2.4 Recent Advancements.
Recent research has focused on improving prompt adherence, image resolution, and the accurate
rendering of complex concepts. Stable Diffusion 3, for example, incorporates a Multimodal Diffusion
Transformer (MMDiT) and Rectified Flow (RF) to enhance efficiency and prompt alignment.
Techniques such as Classifier-Free Guidance (CFG) and large-scale training on datasets like
LAION-5B have further improved the model’s versatility and output quality.
2.5 Applications and Challenges.
Text-to-image diffusion models are now widely used in creative design, advertising, gaming, and
education. However, challenges remain, including generating fine details in complex scenes,
handling ambiguous or abstract prompts, and ensuring ethical use by filtering inappropriate content.
Ongoing research aims to address these issues through improved architectures, better training data,
and integrated content moderation systems.
Current research is focused on:
•Improving model efficiency and reducing computational requirements.
•Enhancing multimodal capabilities (e.g., integrating audio or video).
•Increasing the model’s ability to interpret complex and nuanced text prompts.
•Expanding real-time image generation and interactivity.
References:
•Goodfellow, I. et al. (2014). Generative Adversarial Networks.
•Ramesh, A. et al. (2022). Hierarchical Text-Conditional Image Generation with CLIP Latents
(DALL-E 2).
•Rombach, R. et al. (2022). High-Resolution Image Synthesis with Latent Diffusion Models (Stable
Diffusion).
•Saharia, C. et al. (2022). Photorealistic Text-to-Image Diffusion Models with Deep Language
Understanding (Imagen).
This format matches your project file structure and provides a comprehensive, detailed literature
survey for your text-to-image generator project using Stable Diffusion.
Chapter 3. System Design
3.1. Natural Language Processing (NLP)
Natural Language Processing (NLP) is a field of artificial intelligence that focuses on the interaction
between computers and human language. In this project, NLP is used to interpret and encode user-
provided text prompts, which describe the images to be generated. The system utilizes advanced
NLP models, such as CLIP (Contrastive Language-Image Pretraining), to convert textual
descriptions into high-dimensional vector representations. These vectors serve as the conditioning
input for the image generation process, ensuring that the output image aligns closely with the user’s
intent.
3.2. Advantages of Natural Language Processing.
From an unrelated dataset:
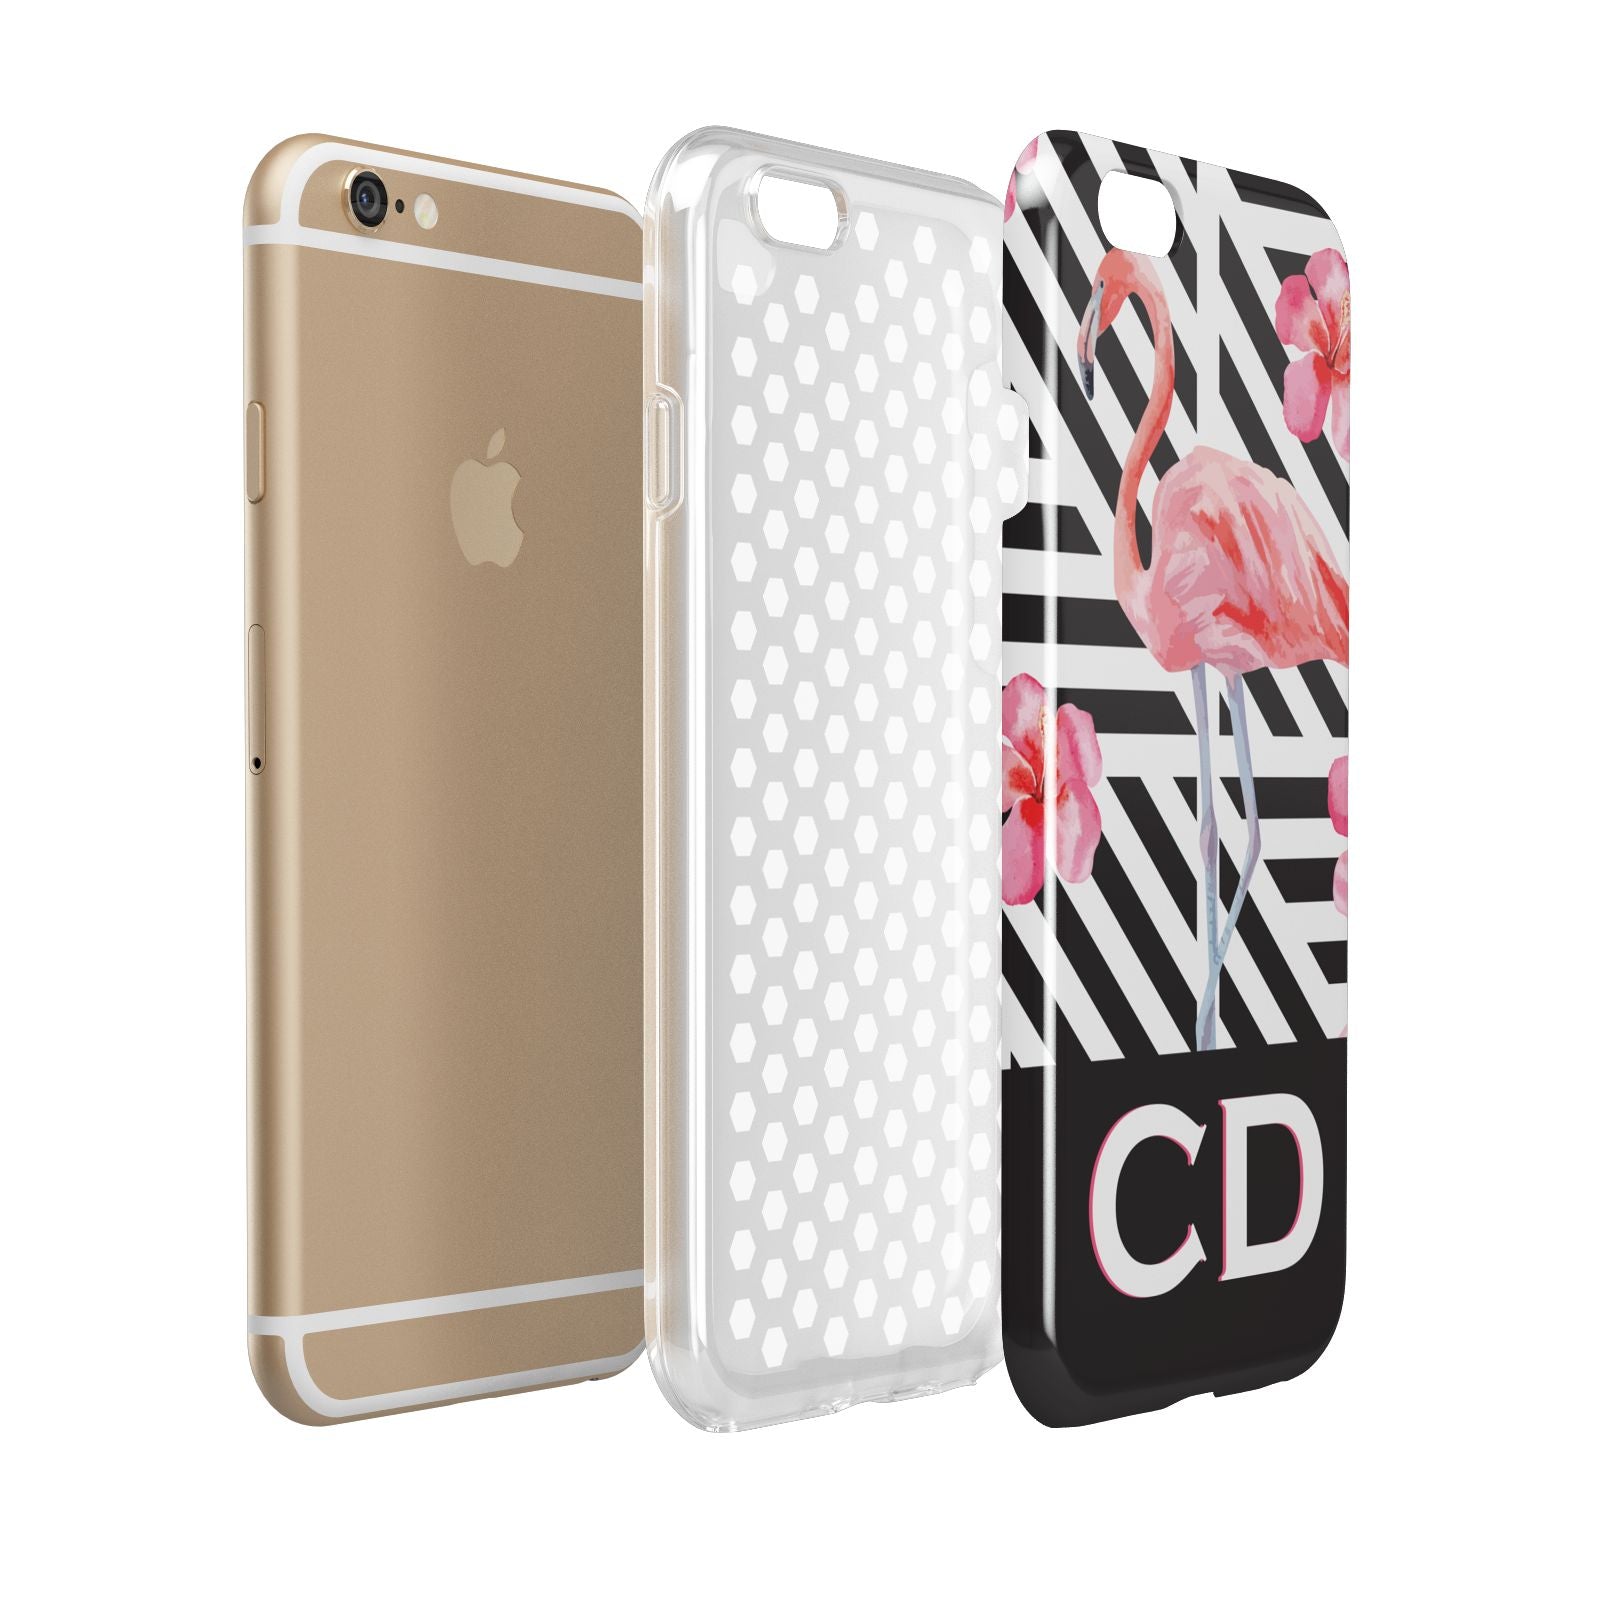 Flamingo Black Geometric Apple iPhone 6 3D Tough Case Expanded view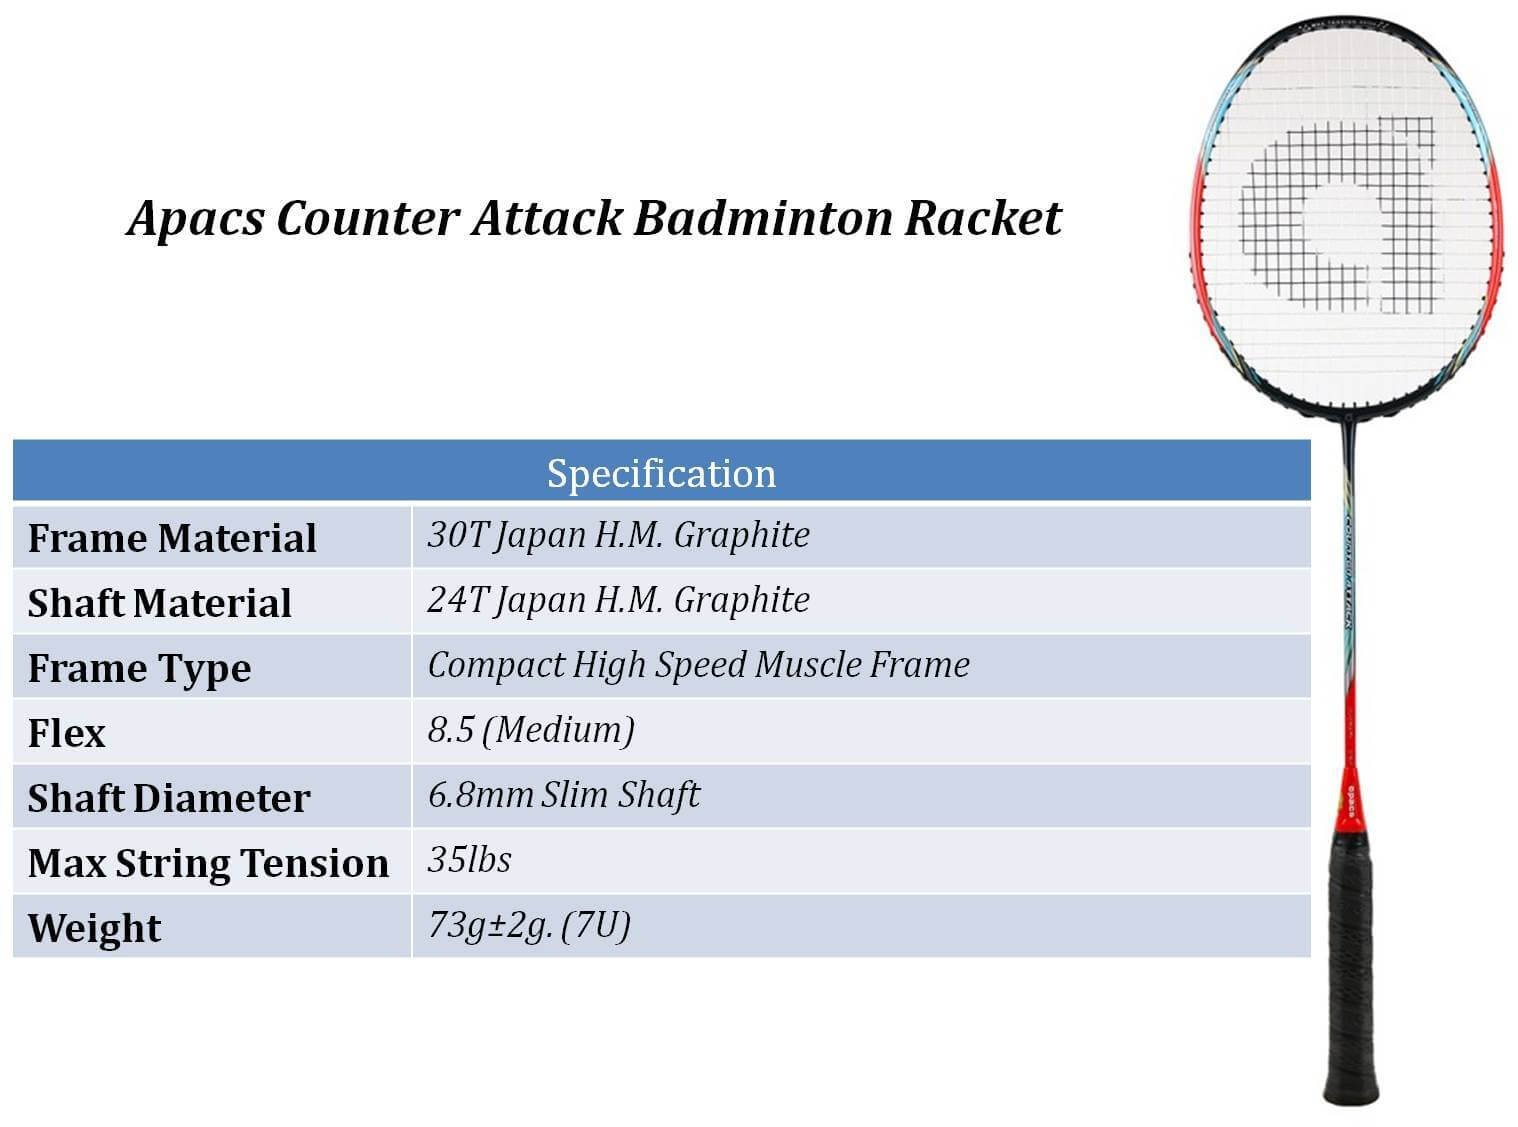 Apacs_Counter_Attack_Badminton_Racket_Khelmart

•Semantic Understanding: NLP models can interpret complex and nuanced text, allowing
users to provide detailed and creative prompts.
•Flexibility: Users can describe a wide variety of scenes, objects, and styles in natural
language, making the system highly versatile.
•User-Friendly: No technical expertise is required; users simply type what they want to see.
•Context Awareness: Advanced NLP models can understand context, relationships, and
attributes within the prompt, resulting in more accurate image generation.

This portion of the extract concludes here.